David Tomlinson finds some entertainment in back issues of a 1980s sporting title called The Working Gundog, with a sense of déjà vu…
DOES ANYONE remember a magazine called The Working Gundog that flourished in the late 1980s? Published quarterly, priced at £1 including postage, it was aimed directly at the field trialling community, with reports of trials and publication of results. It also included a variety of articles that, 30 years later, make interesting reading. I had never seen the magazine until recently, when a shooting friend, Martin, passed a few copies on to me.
Thirty years is a long time, but you won’t be surprised to know that there are quite a few gundog handlers who were active then who are still around. Several of the main topics of discussion from then are being debated today with equal passion.
In issue number 10, for example — not dated, but as it carried a report of the 1986 Retriever Championship it must have been published in early 1987 — Peter Clulee posed the question: “Are standards slipping?” If the name is familiar, it is because Peter’s son, Will, is one of our leading spaniel handlers.

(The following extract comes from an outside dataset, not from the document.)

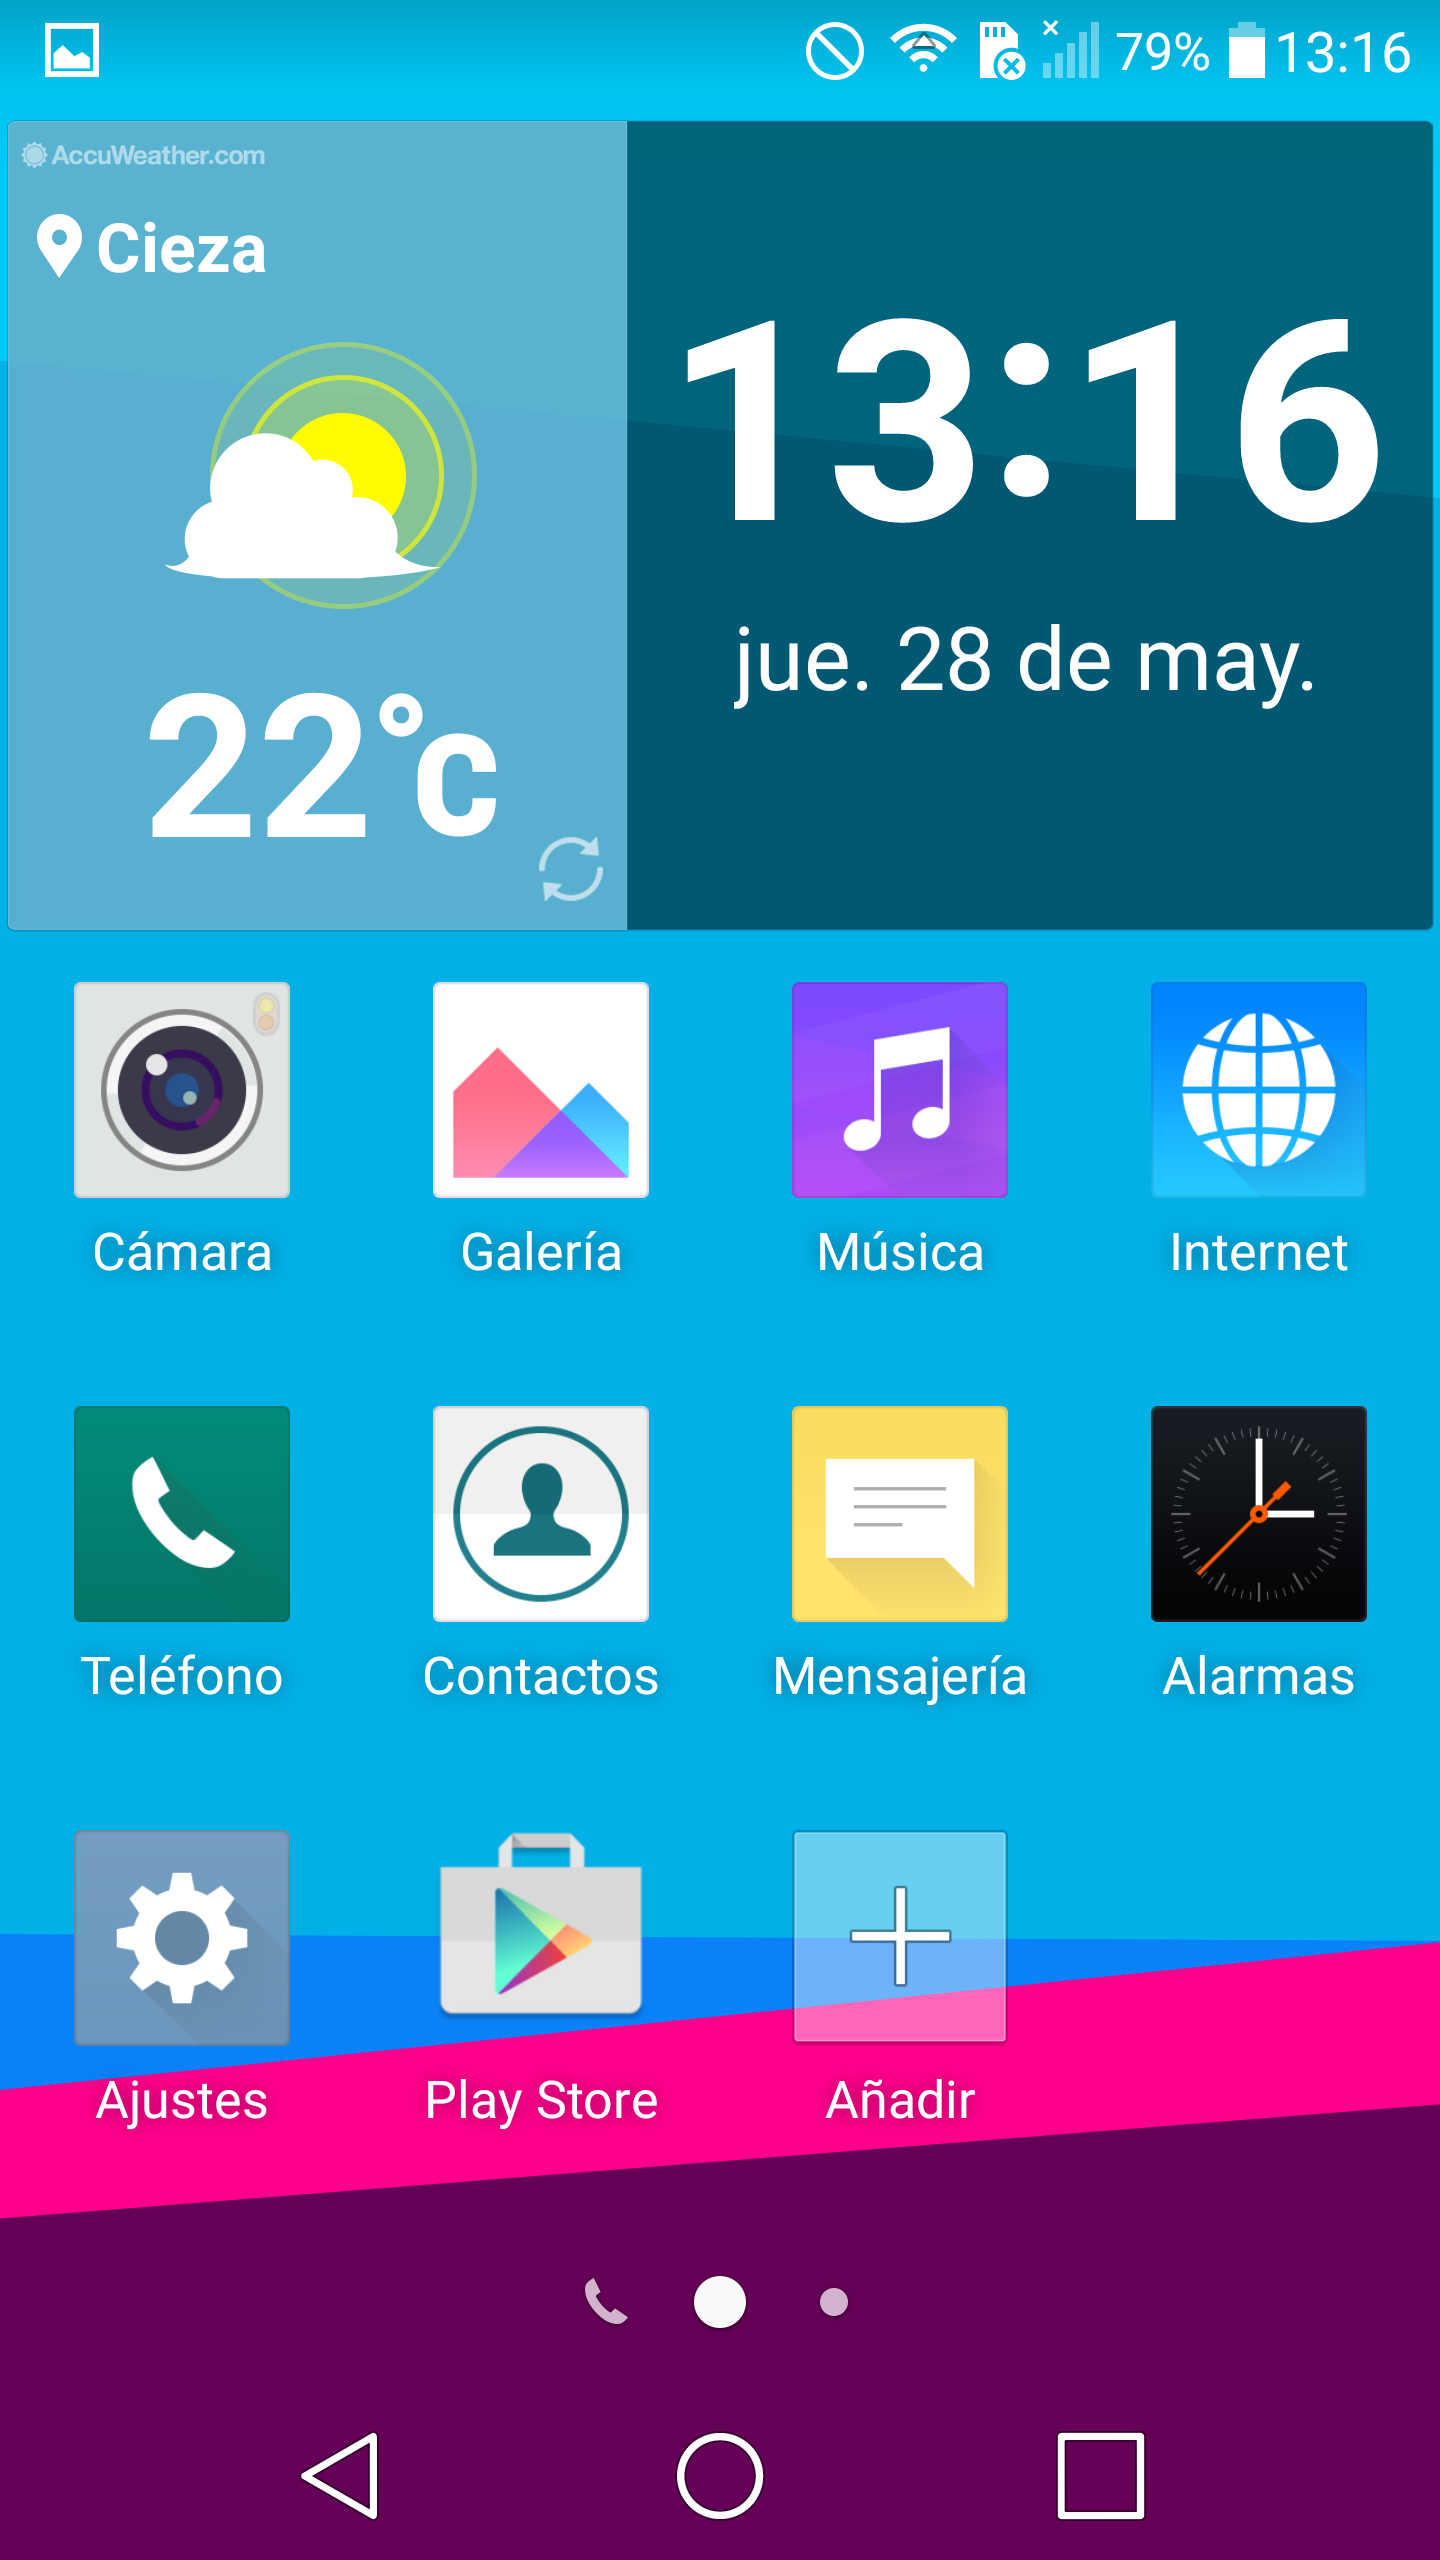 LG G4 interfaz

“Field trials were never intended to be used as a training ground nor a venue where dogs and handlers could gain experience, yet while judging and as a fellow competitor I have heard at first hand handlers admitting their dogs have not been properly shot over,” wrote Clulee. He goes on to decry handlers running dogs that they know “full well are not up to standard... it makes a mockery of the whole concept of trialling”.